_Records for the task_:

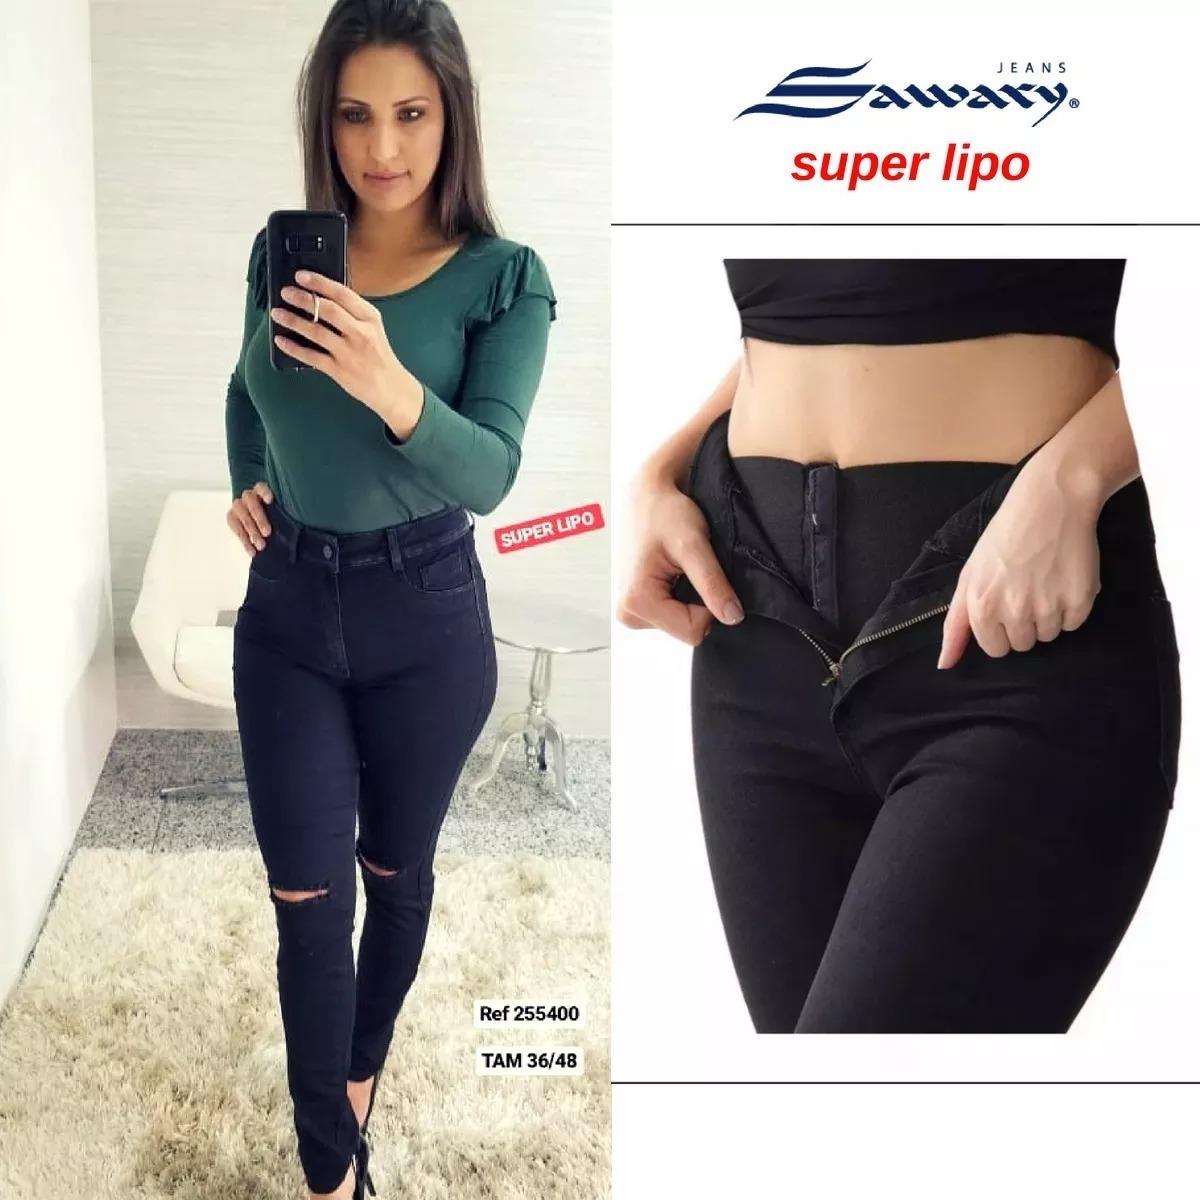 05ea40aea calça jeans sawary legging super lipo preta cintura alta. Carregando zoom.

--

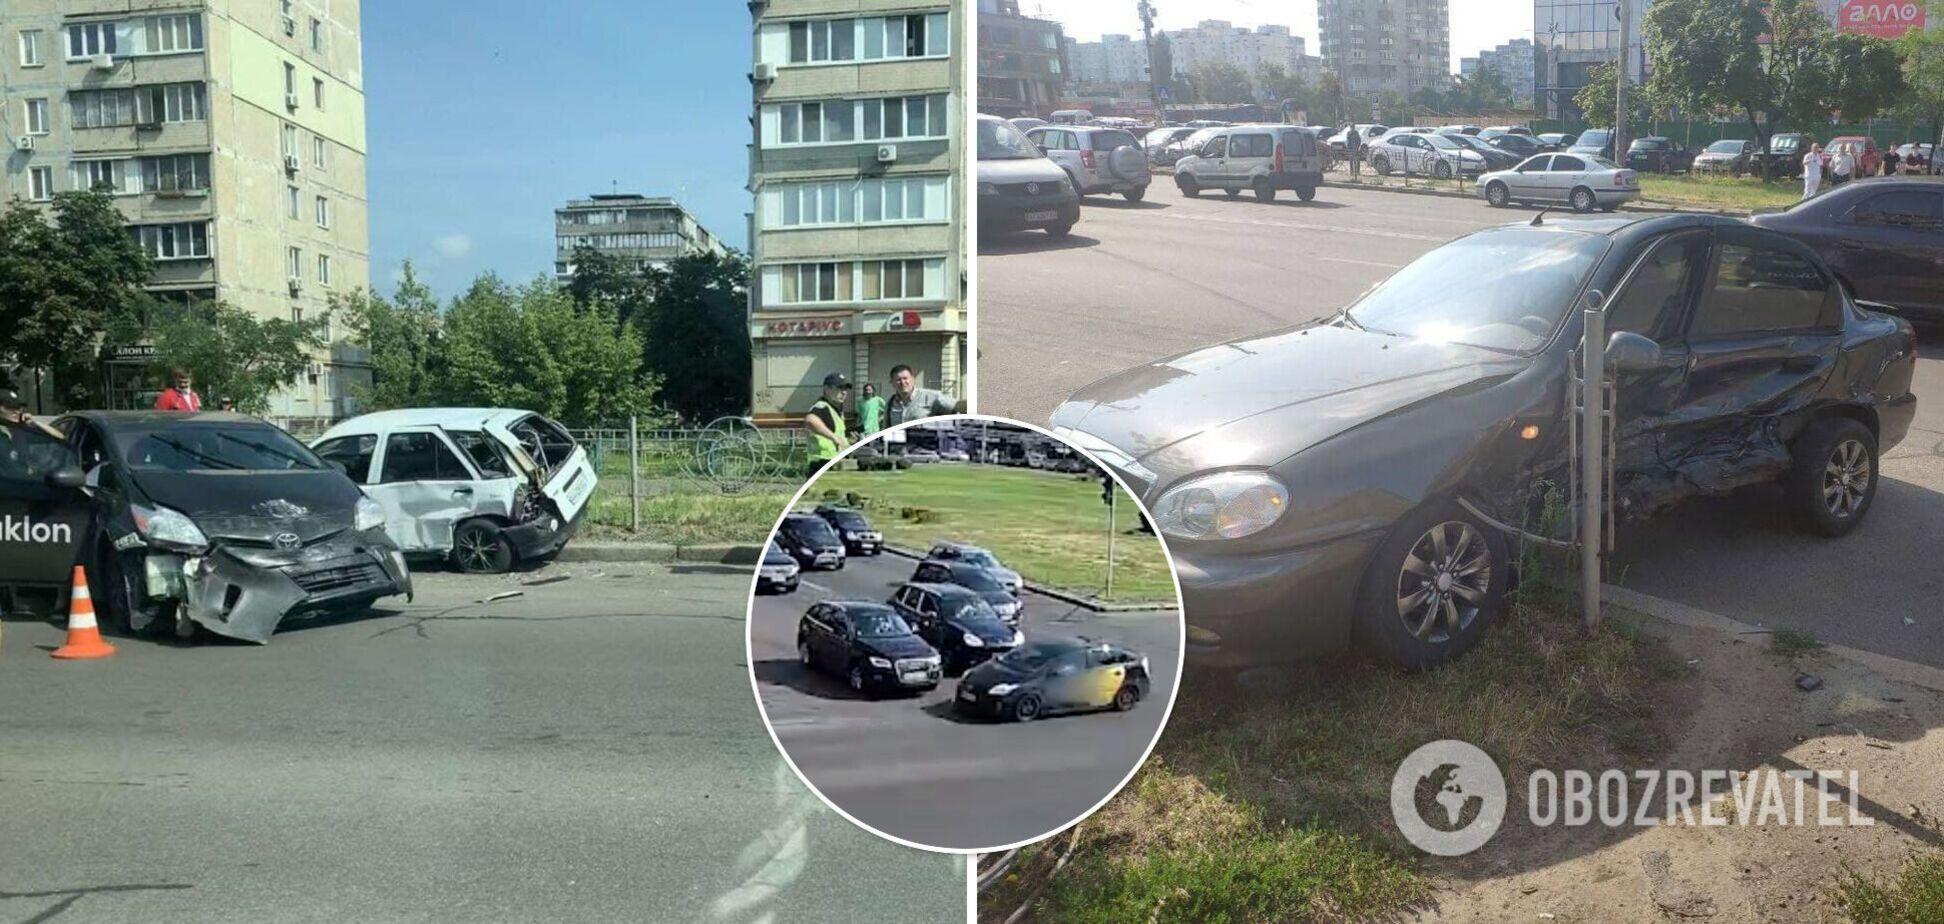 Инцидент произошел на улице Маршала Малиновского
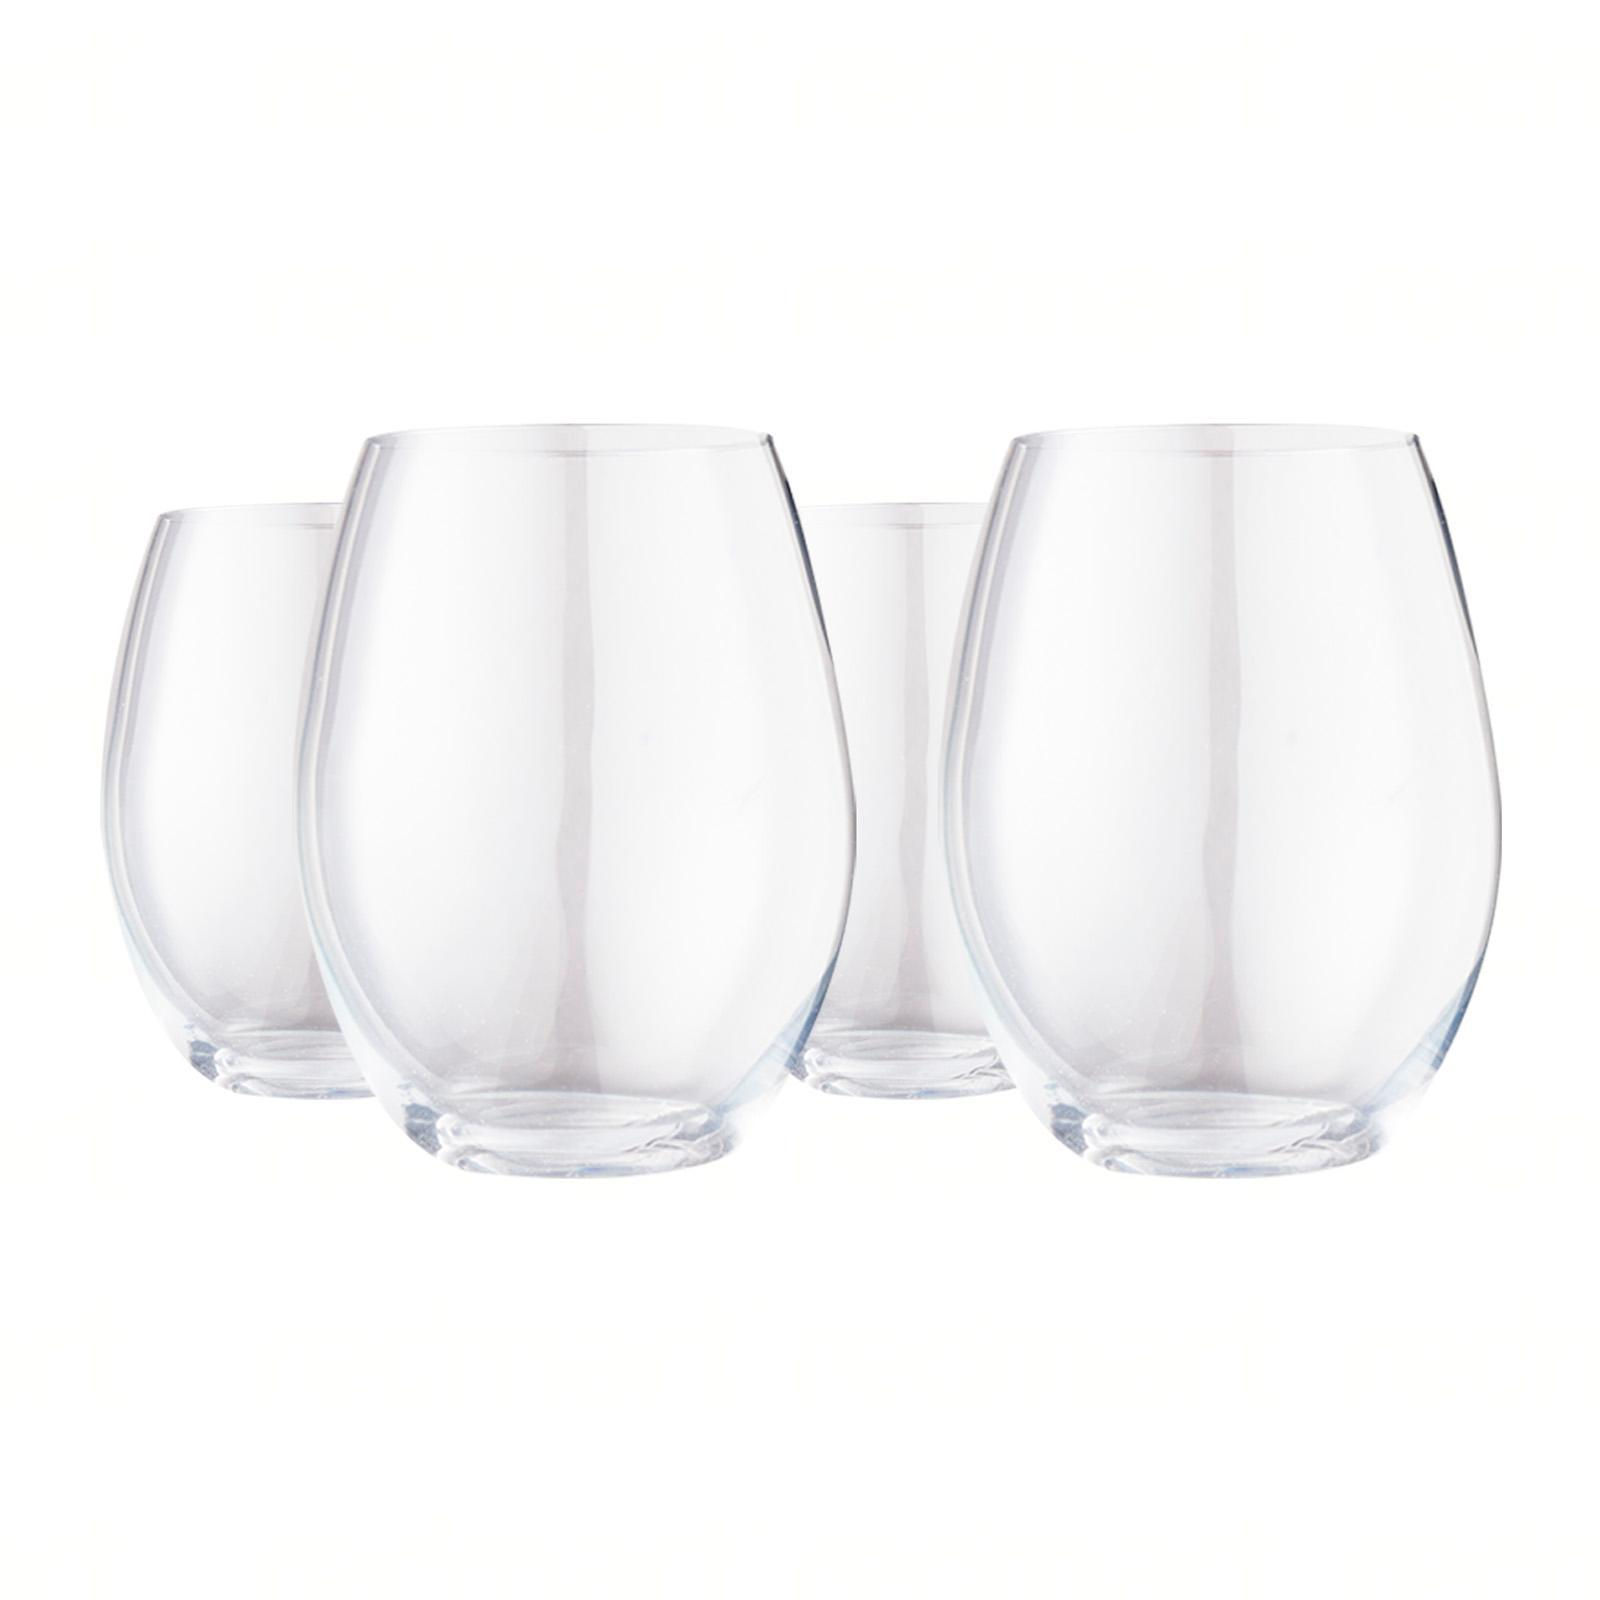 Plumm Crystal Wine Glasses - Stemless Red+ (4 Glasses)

_Try it_: Print, exactly and with no pictures, the lines of the listing above starting at the one that has "Инцидент произошел на" and ending at the one that has "Plumm Crystal Wine", both included.

_Your response_:
 Инцидент произошел на улице Маршала Малиновского
 Plumm Crystal Wine Glasses - Stemless Red+ (4 Glasses)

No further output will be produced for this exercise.